> _Problem details_
For this exercise, copy all the data exactly and include none of the pictures.

> _Data below_

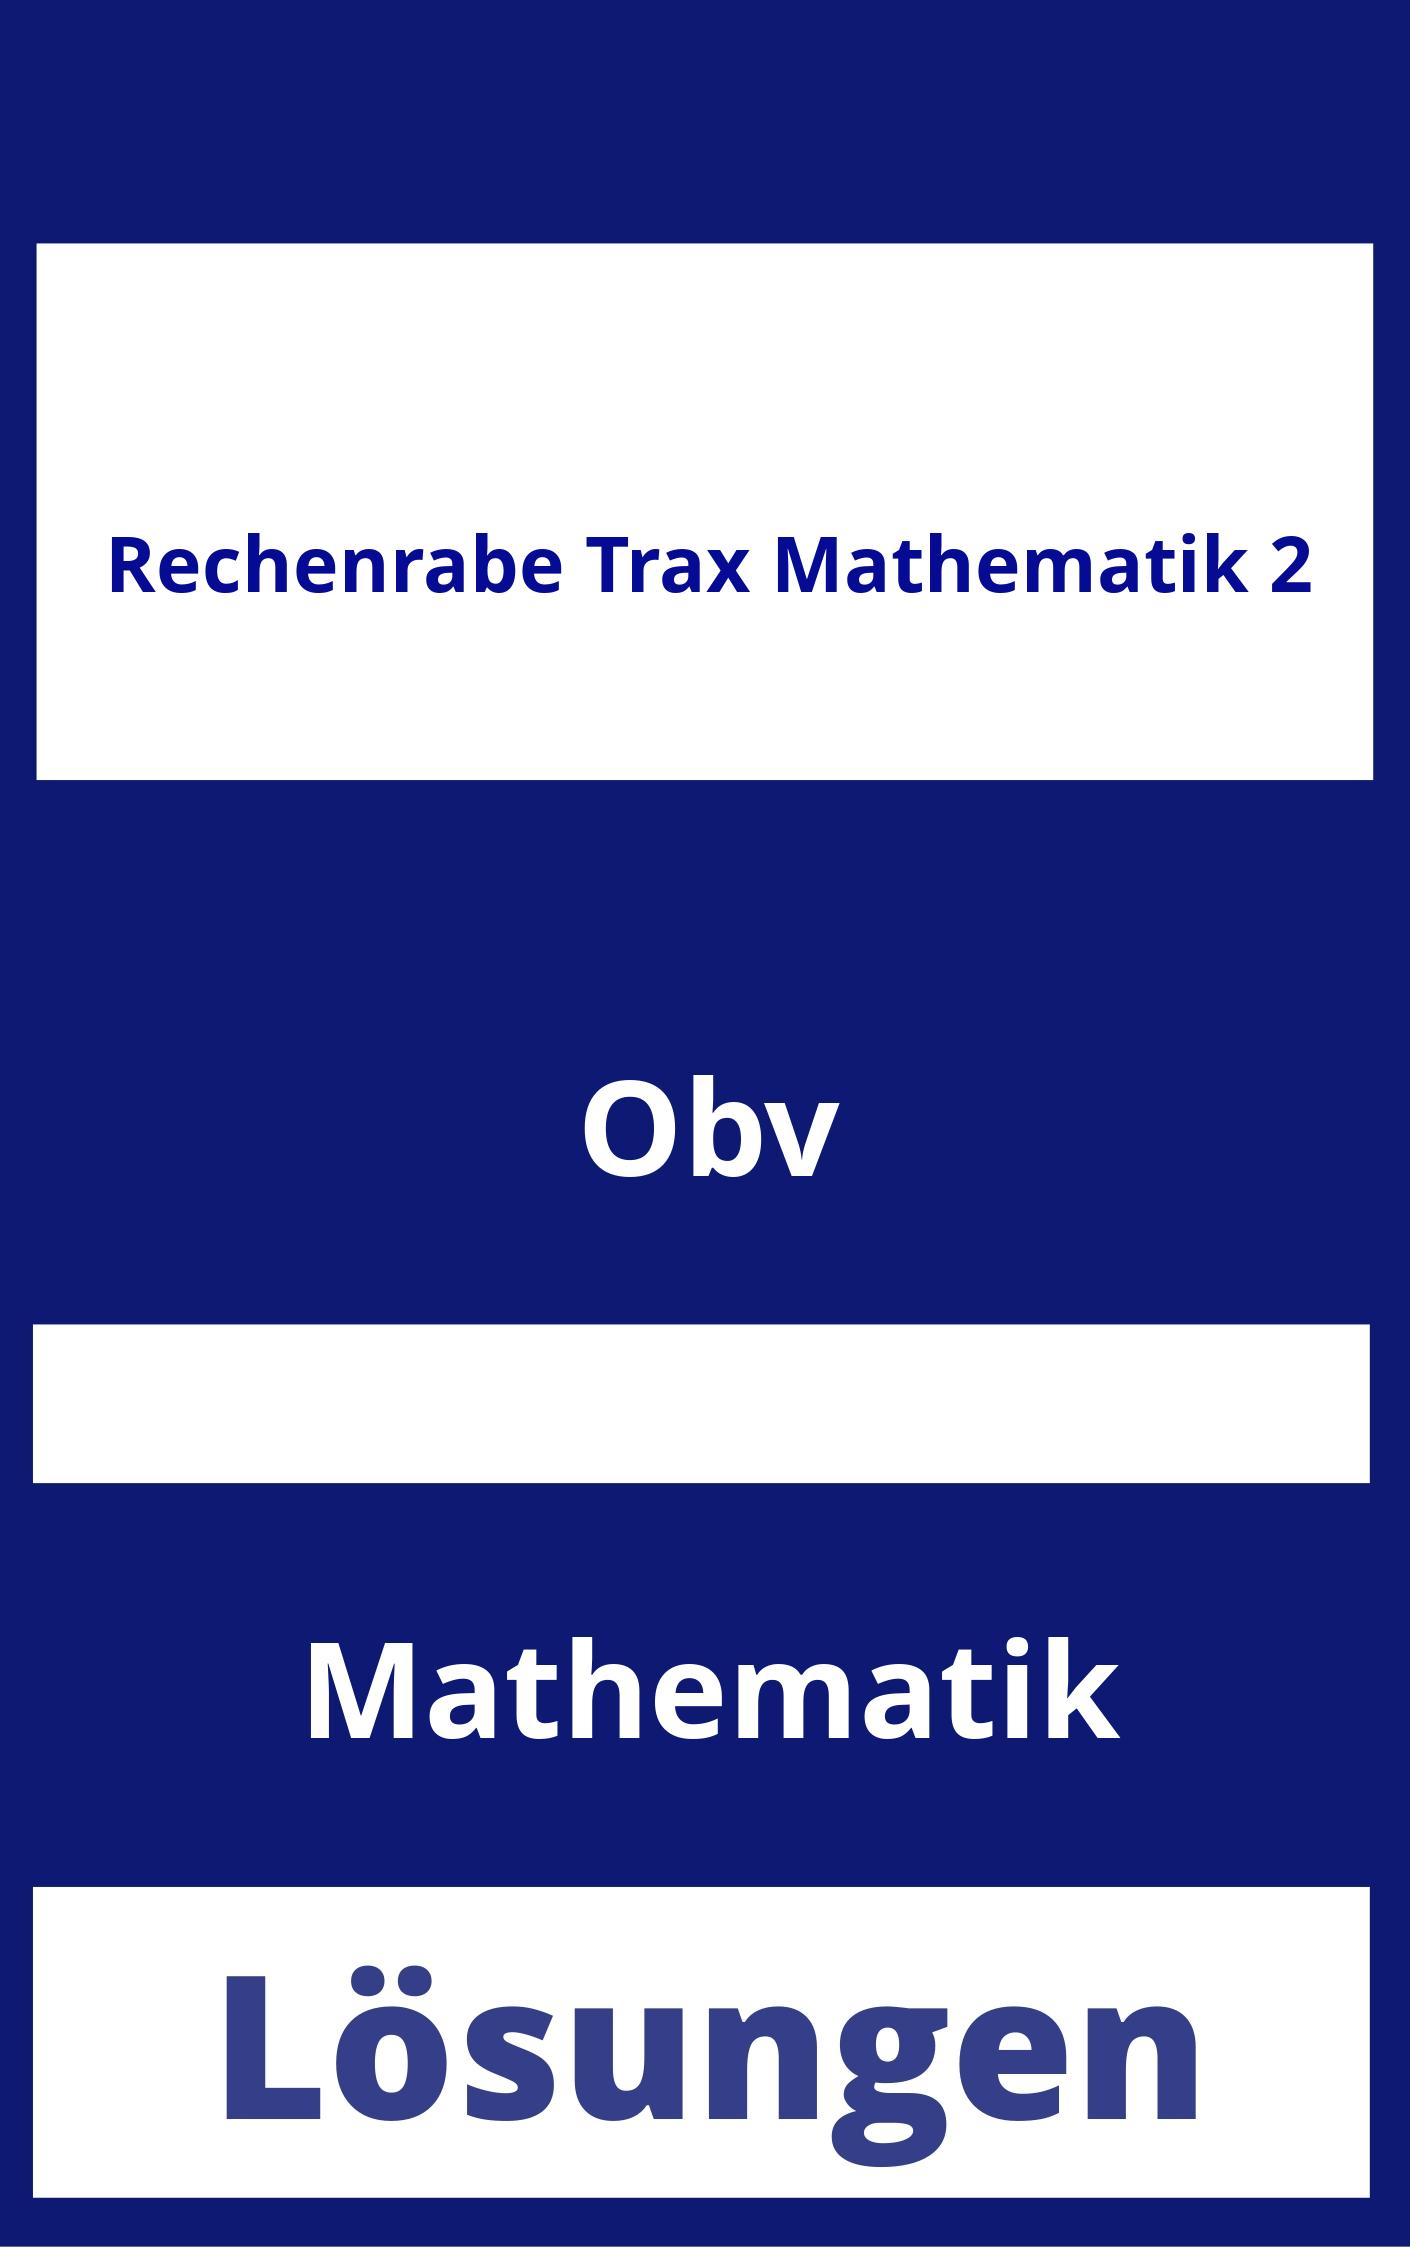 Rechenrabe Trax Mathematik 2 Lösungen PDF
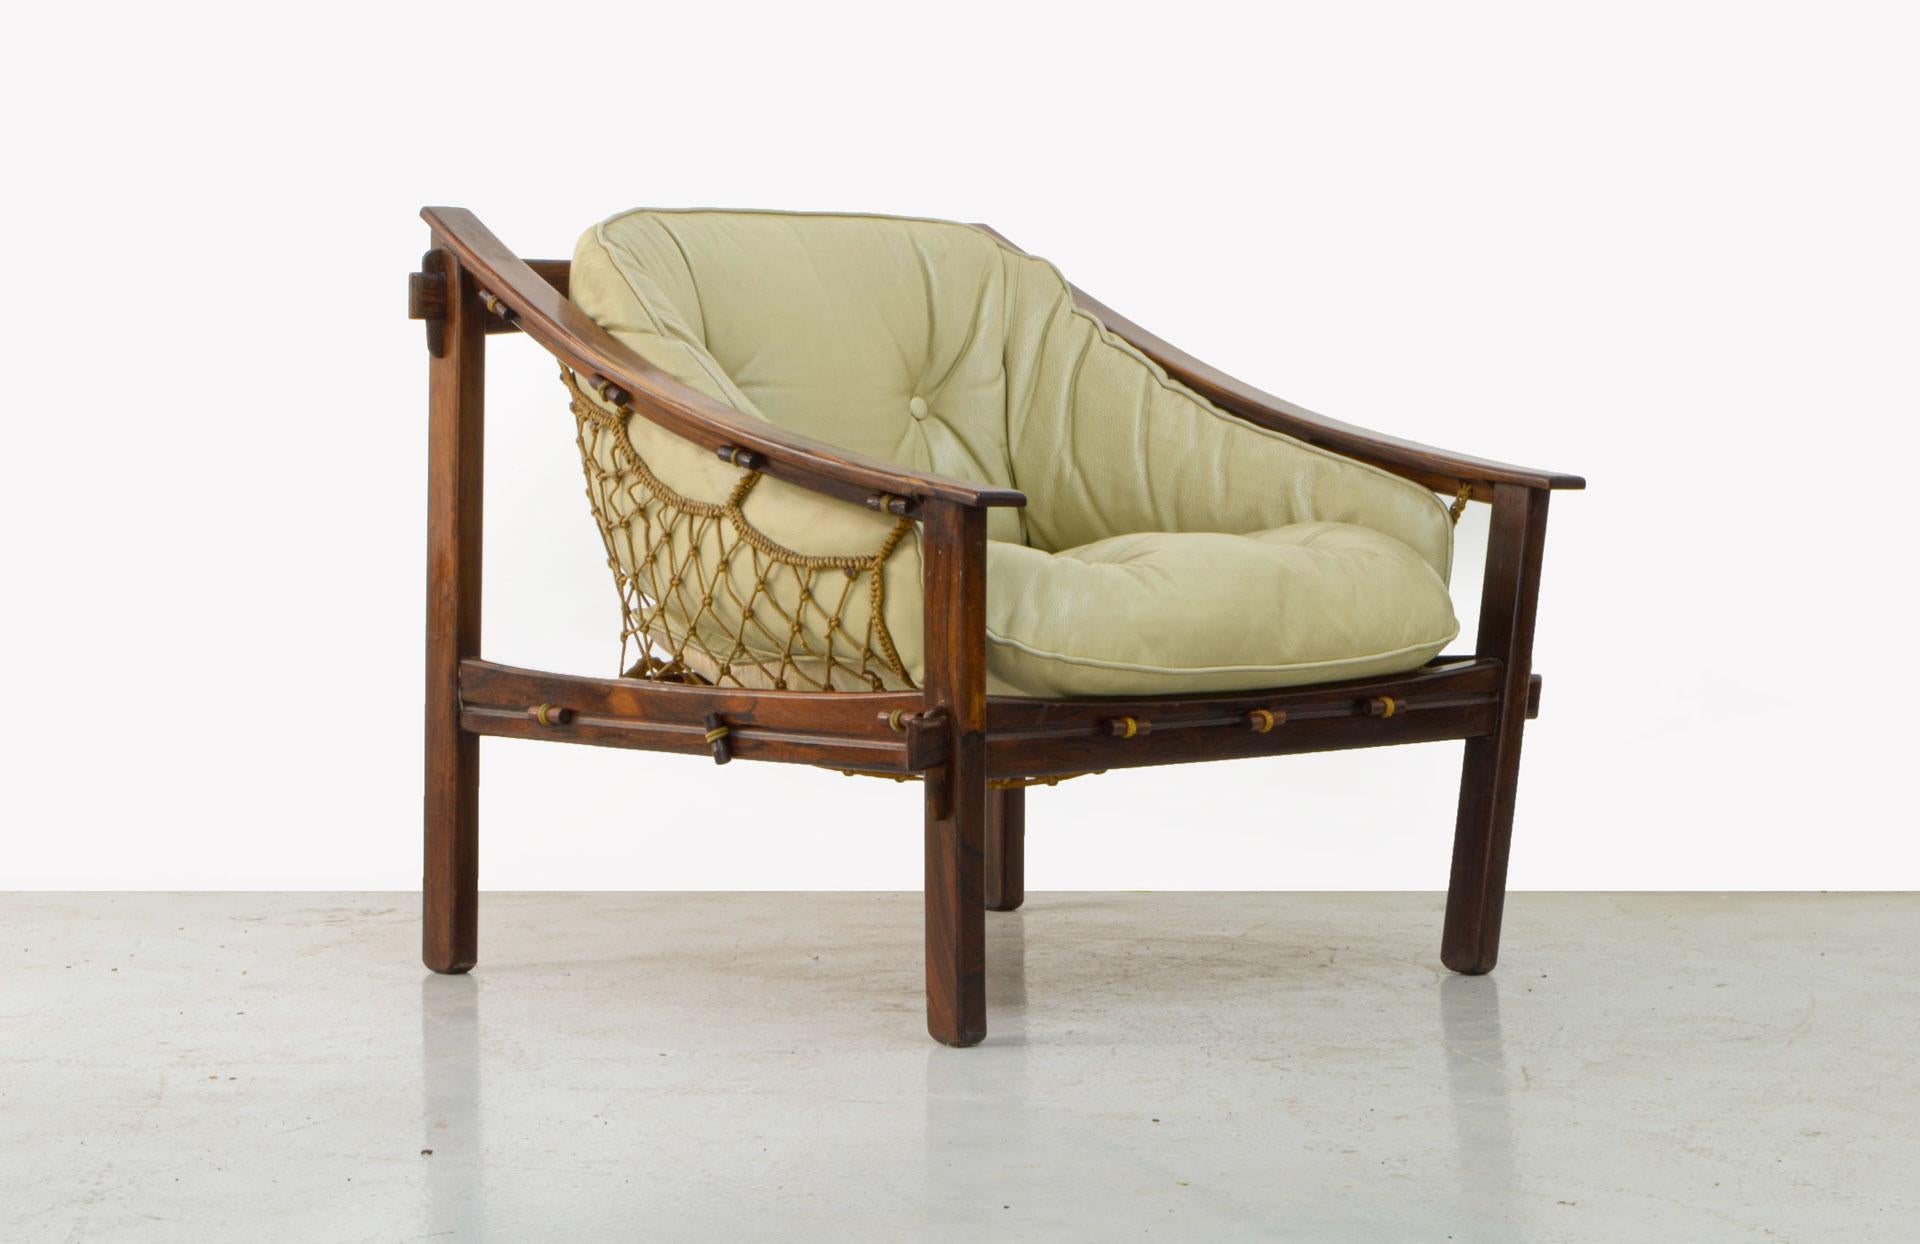 20th Century Amazonas Lounge Chair, Solid Jacaranda Rosewood, Brazilian Midcentury
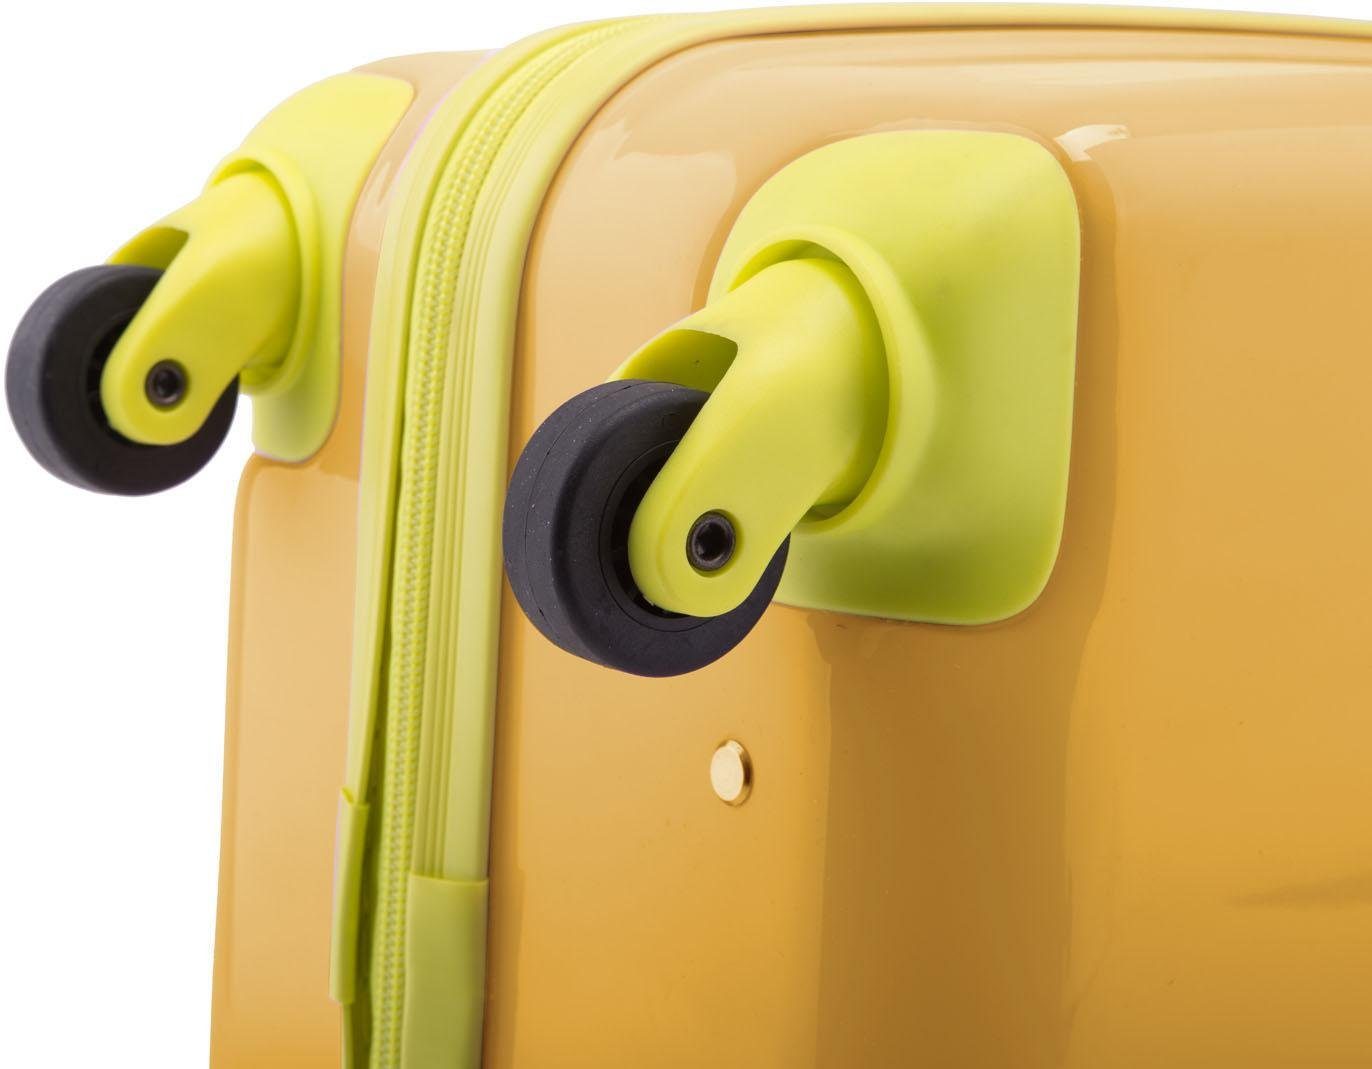 Hauptstadtkoffer Kinderkoffer For Kids, 4 gelb Rollen
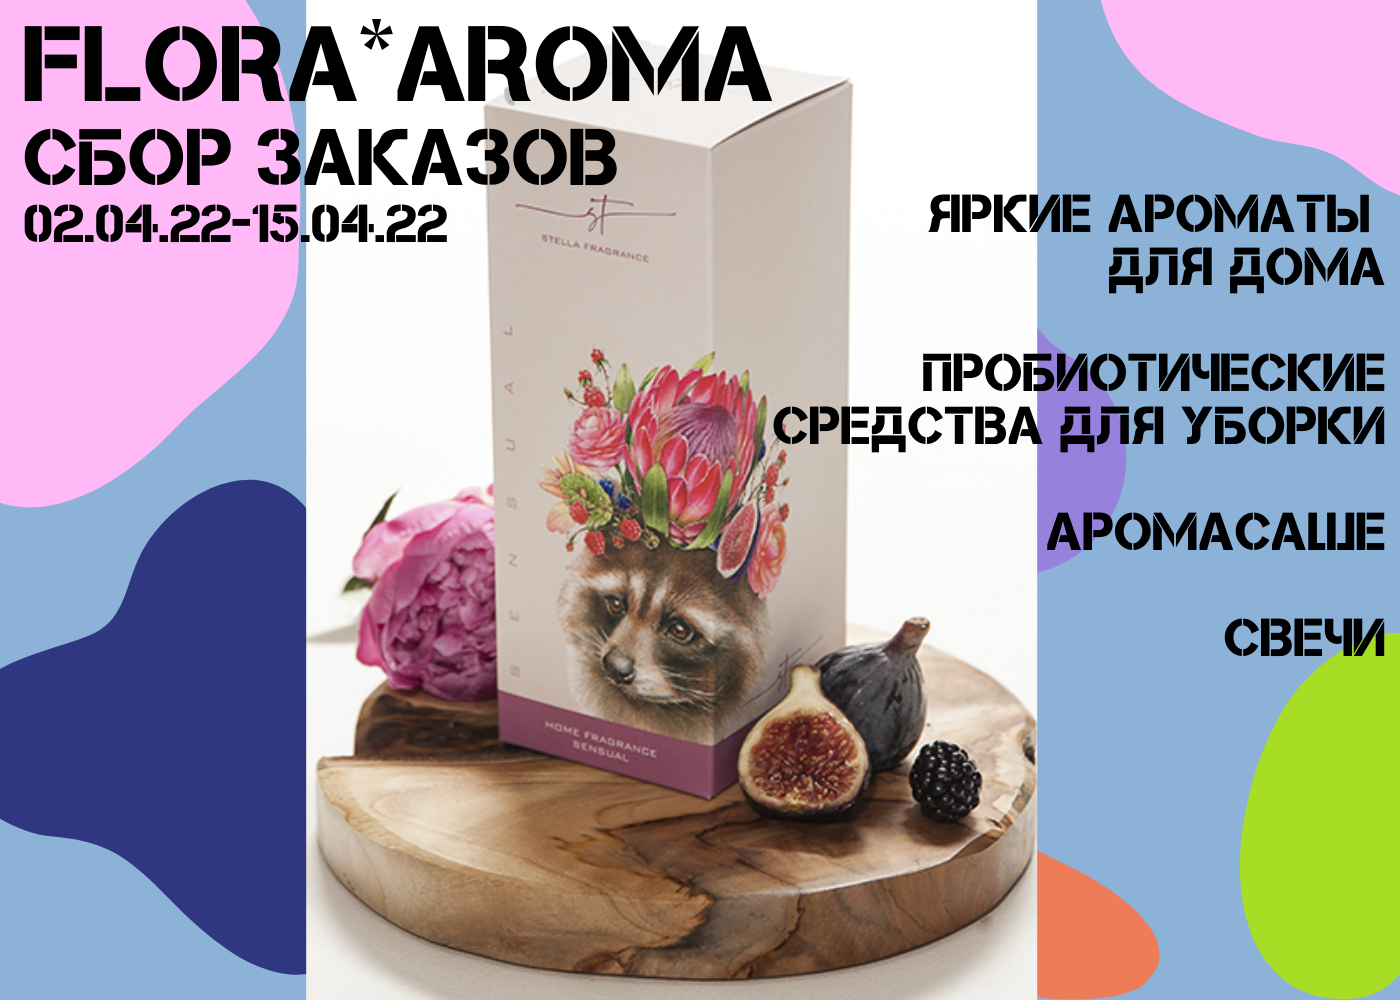 FLORA*AROMA - яркие ароматы для дома! Премиальная коллекция и пробиотические средства для уборки!

> _Written solution_
 Rechenrabe Trax Mathematik 2 Lösungen PDF
 20th Century Amazonas Lounge Chair, Solid Jacaranda Rosewood, Brazilian Midcentury
 Hauptstadtkoffer Kinderkoffer For Kids, 4 gelb Rollen
 FLORA*AROMA - яркие ароматы для дома! Премиальная коллекция и пробиотические средства для уборки!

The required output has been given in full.